**What is required:** Only the lines from the one that contains "Greve do transporte" through the last line of the data below should be duplicated, exactly and without pictures.

─── Material provided

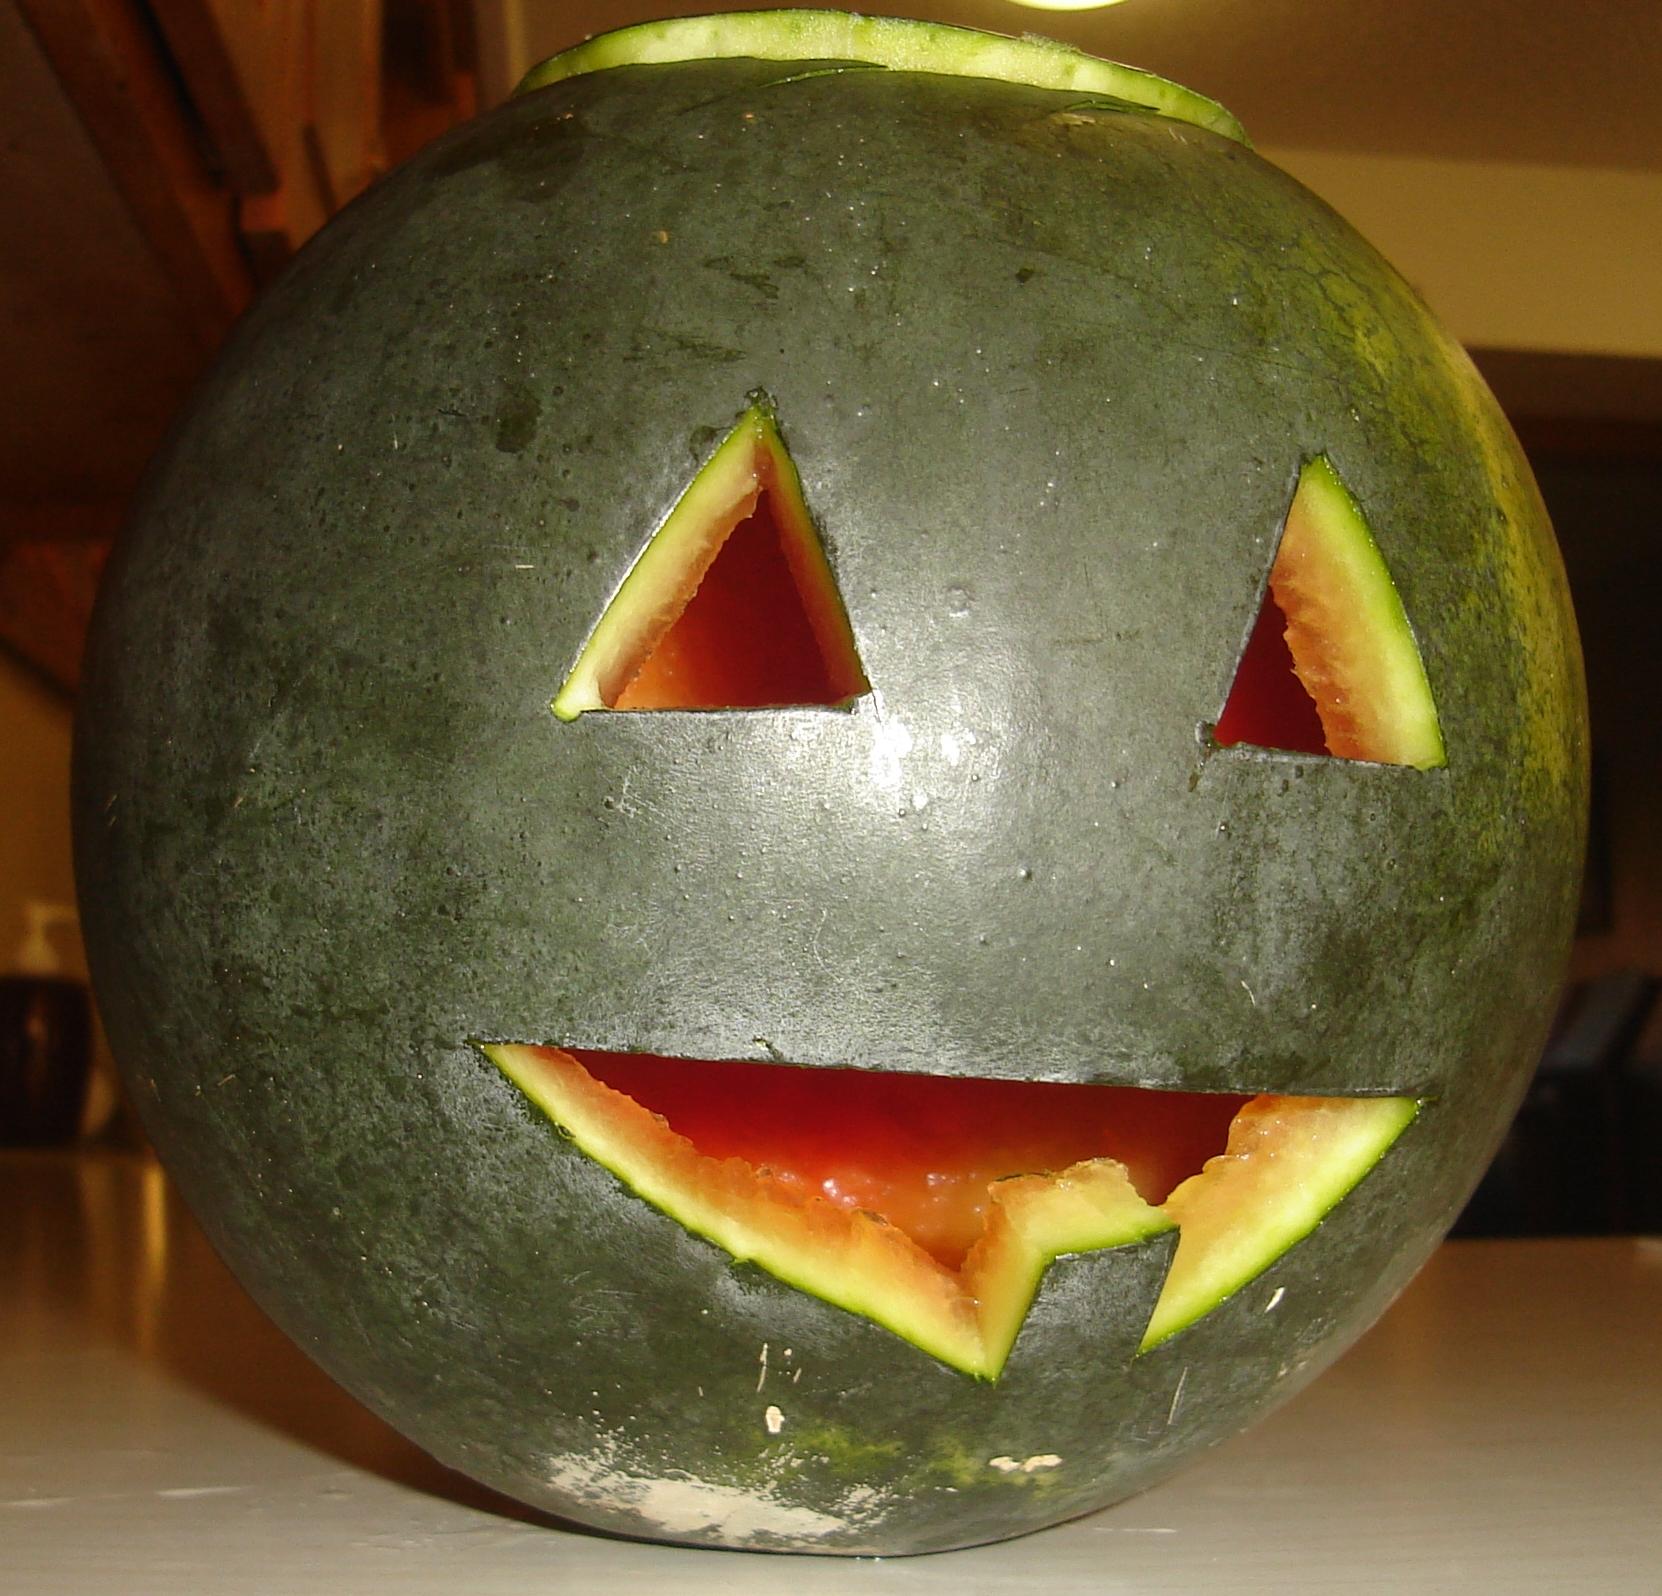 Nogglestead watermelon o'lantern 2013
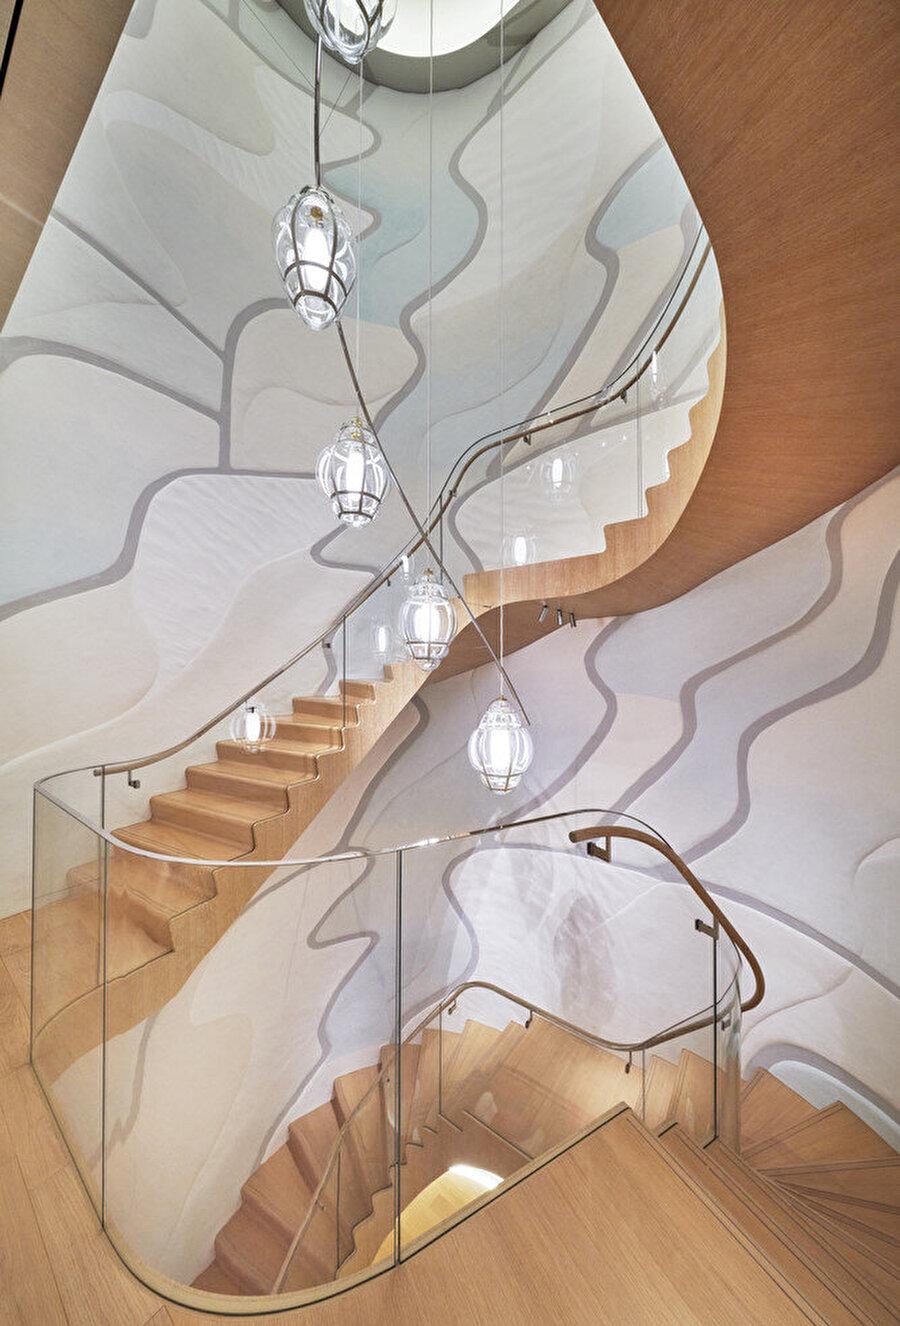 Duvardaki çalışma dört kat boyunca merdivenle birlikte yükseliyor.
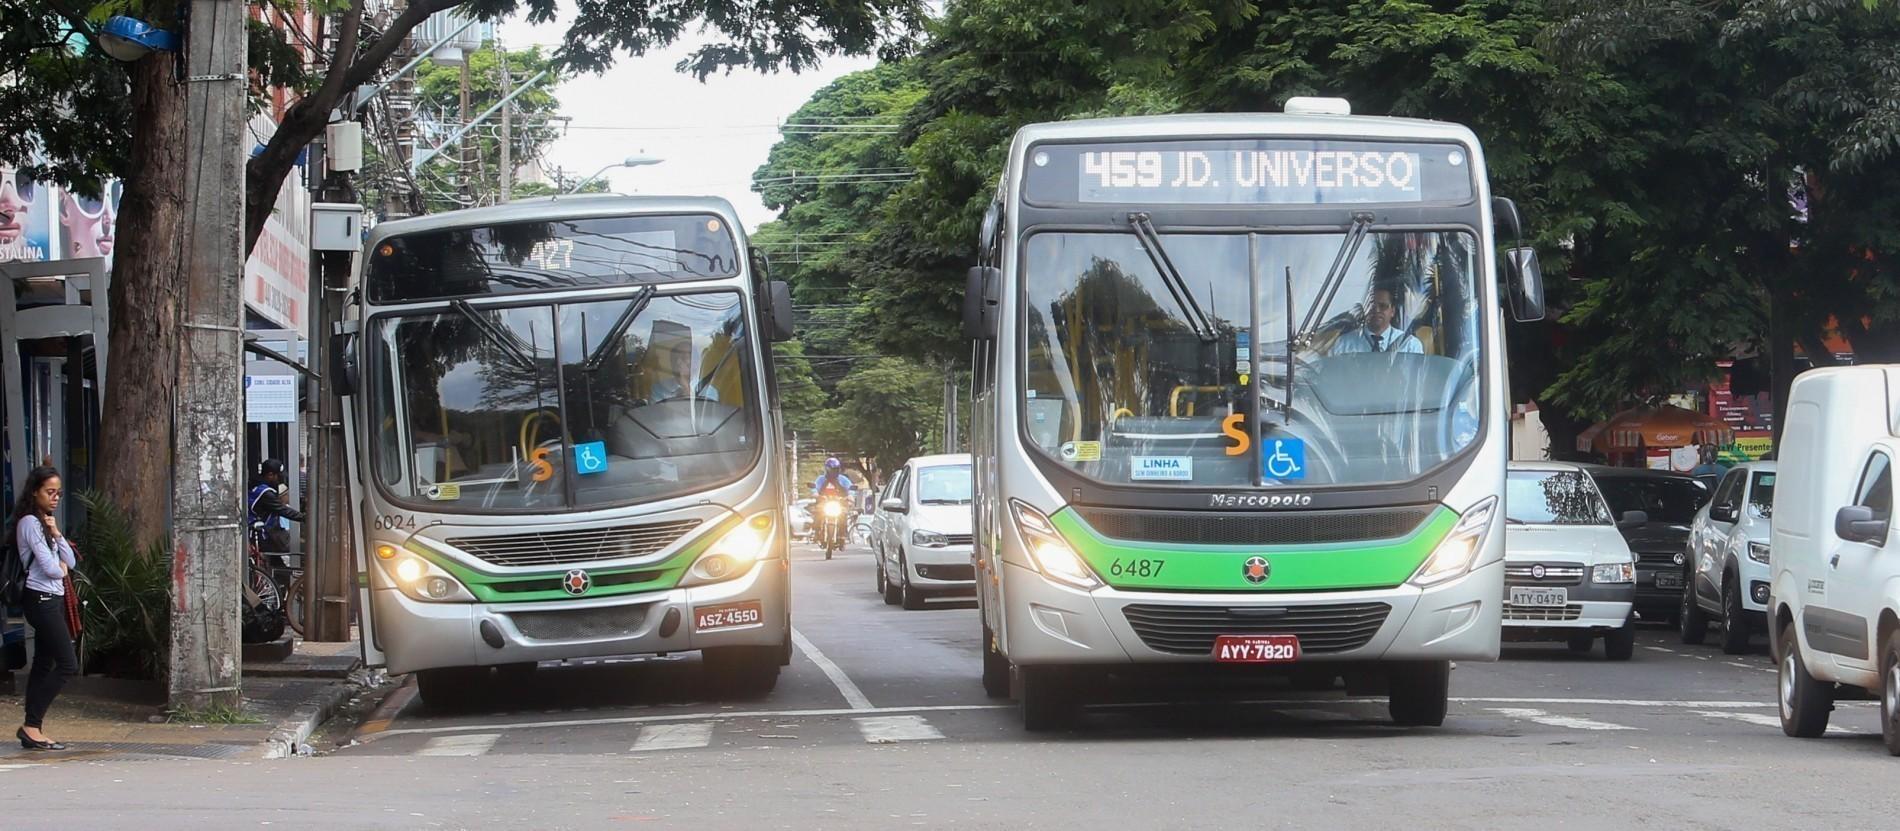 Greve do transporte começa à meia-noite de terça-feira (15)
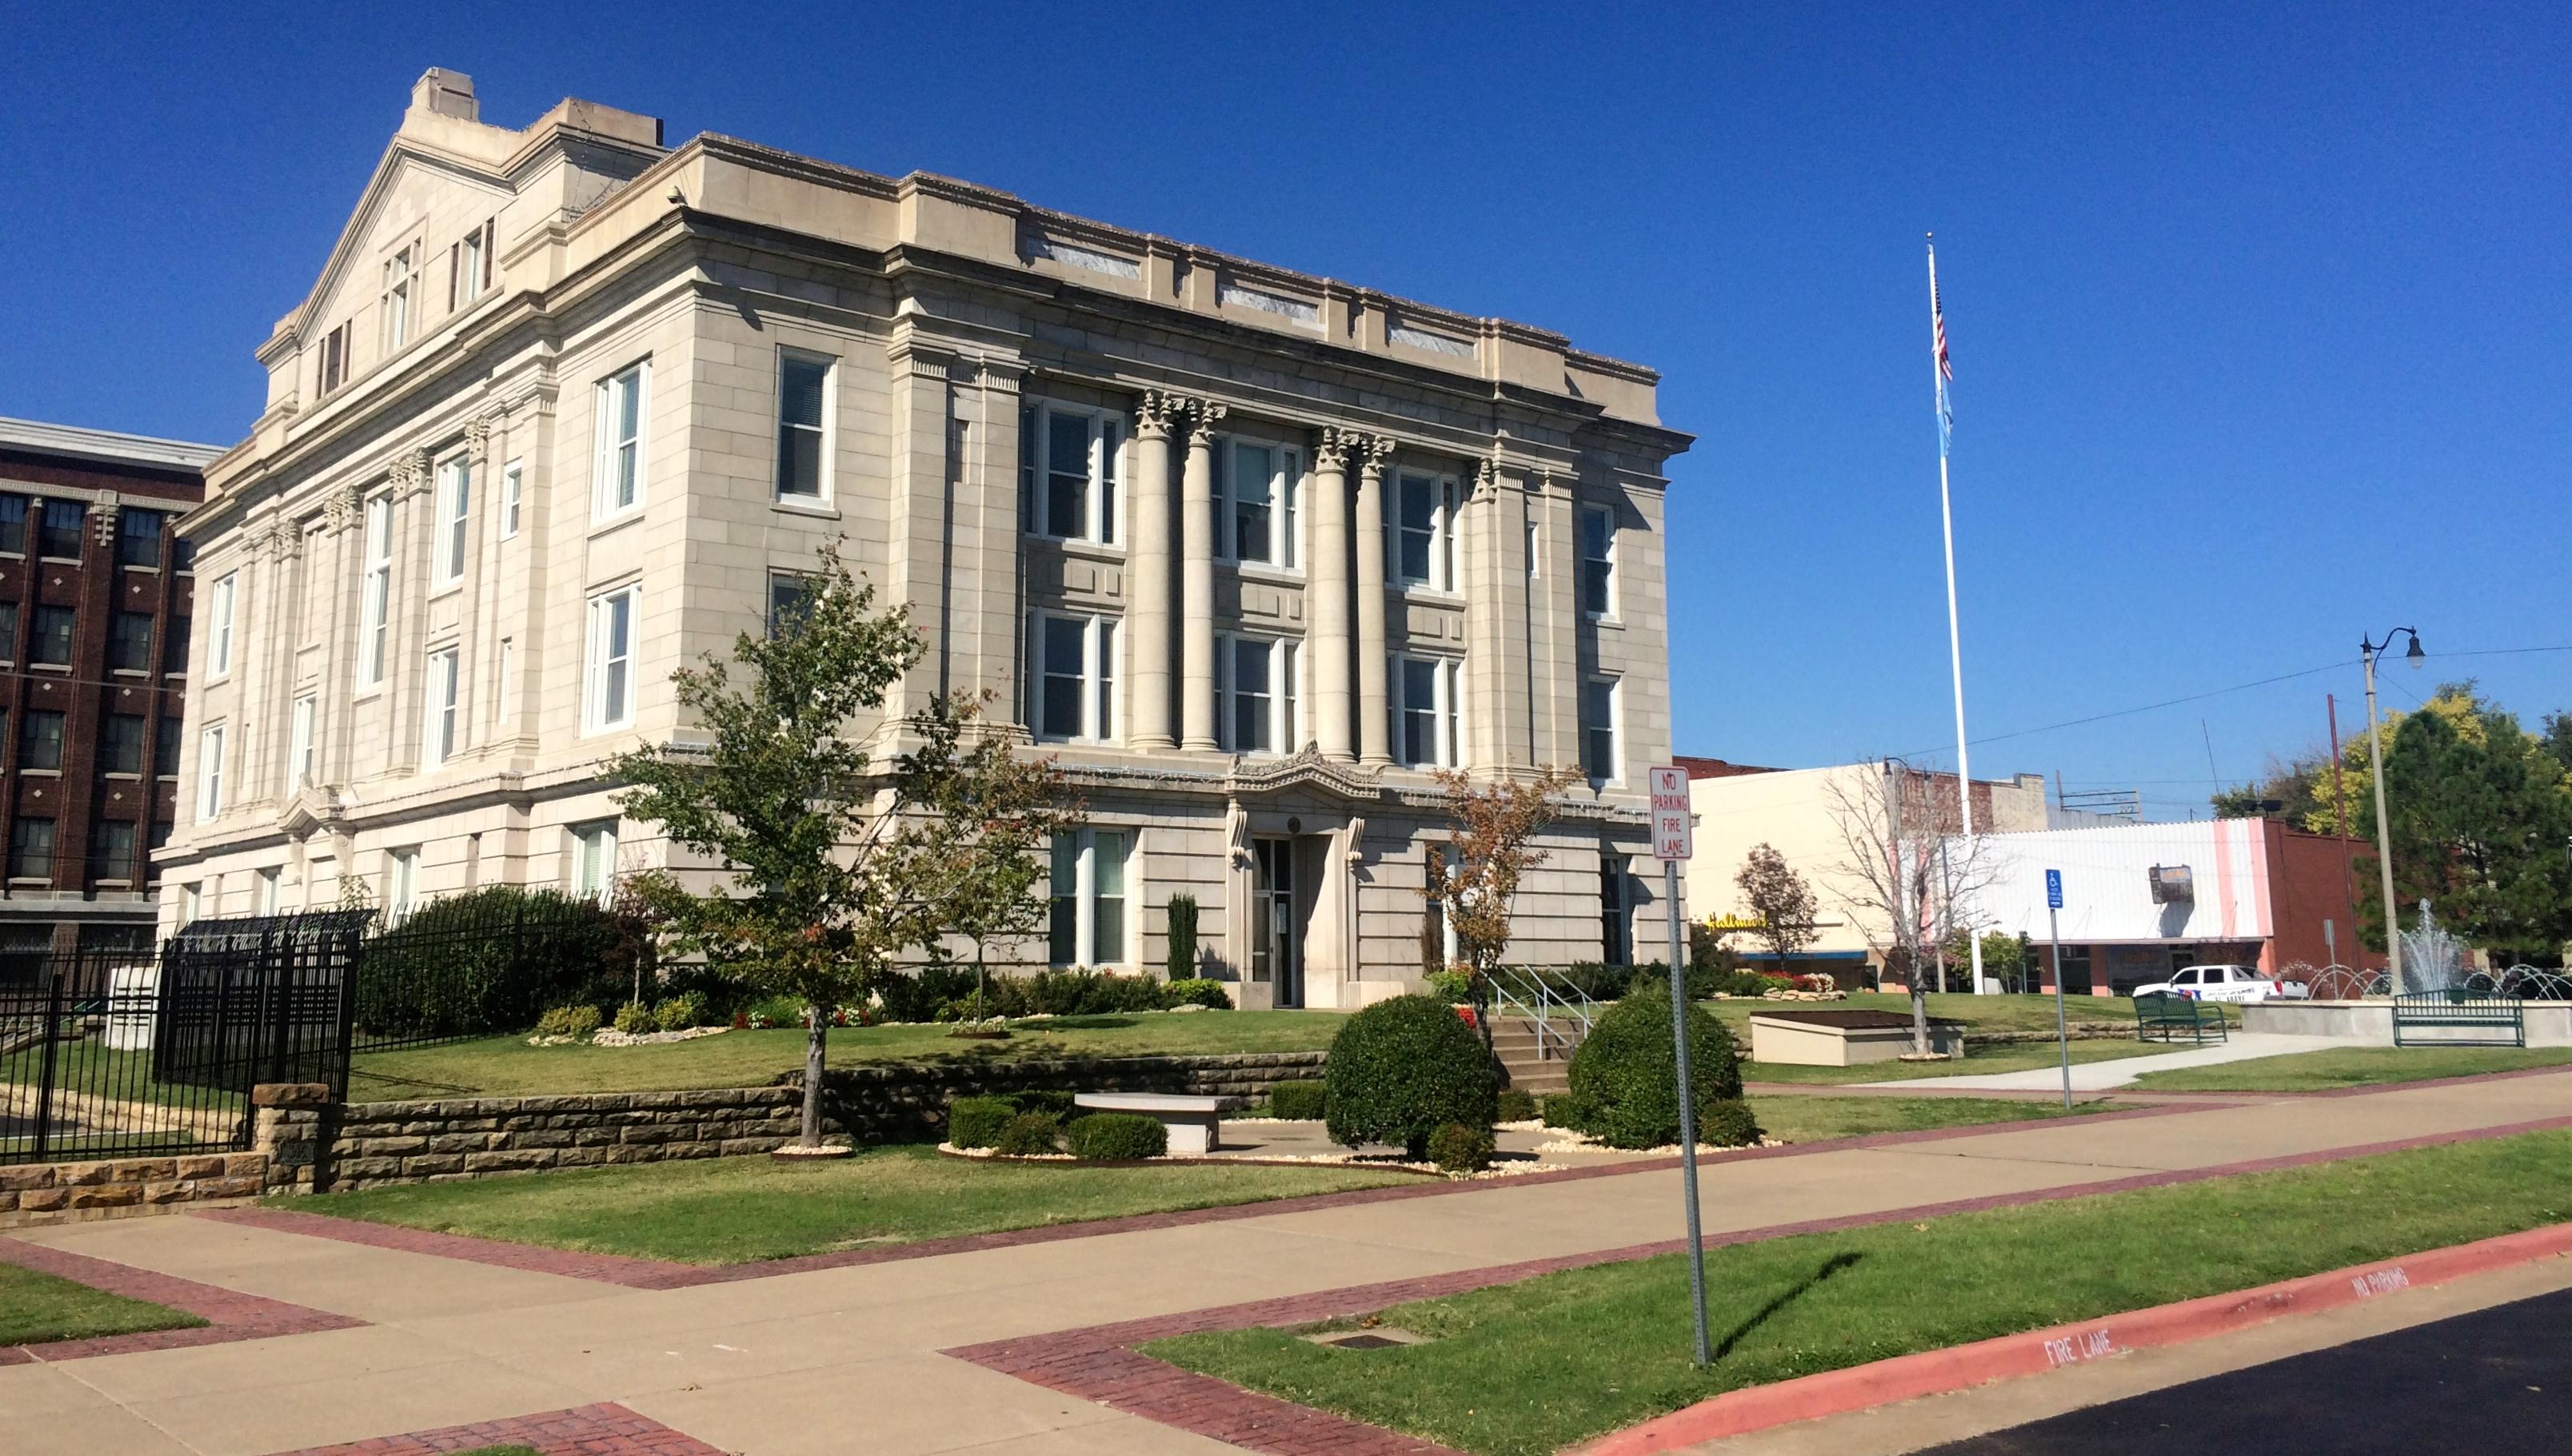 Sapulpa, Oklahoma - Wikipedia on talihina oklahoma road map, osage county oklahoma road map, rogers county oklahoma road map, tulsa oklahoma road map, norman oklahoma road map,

──────

**Response area:**
 Greve do transporte começa à meia-noite de terça-feira (15)
 Sapulpa, Oklahoma - Wikipedia on talihina oklahoma road map, osage county oklahoma road map, rogers county oklahoma road map, tulsa oklahoma road map, norman oklahoma road map,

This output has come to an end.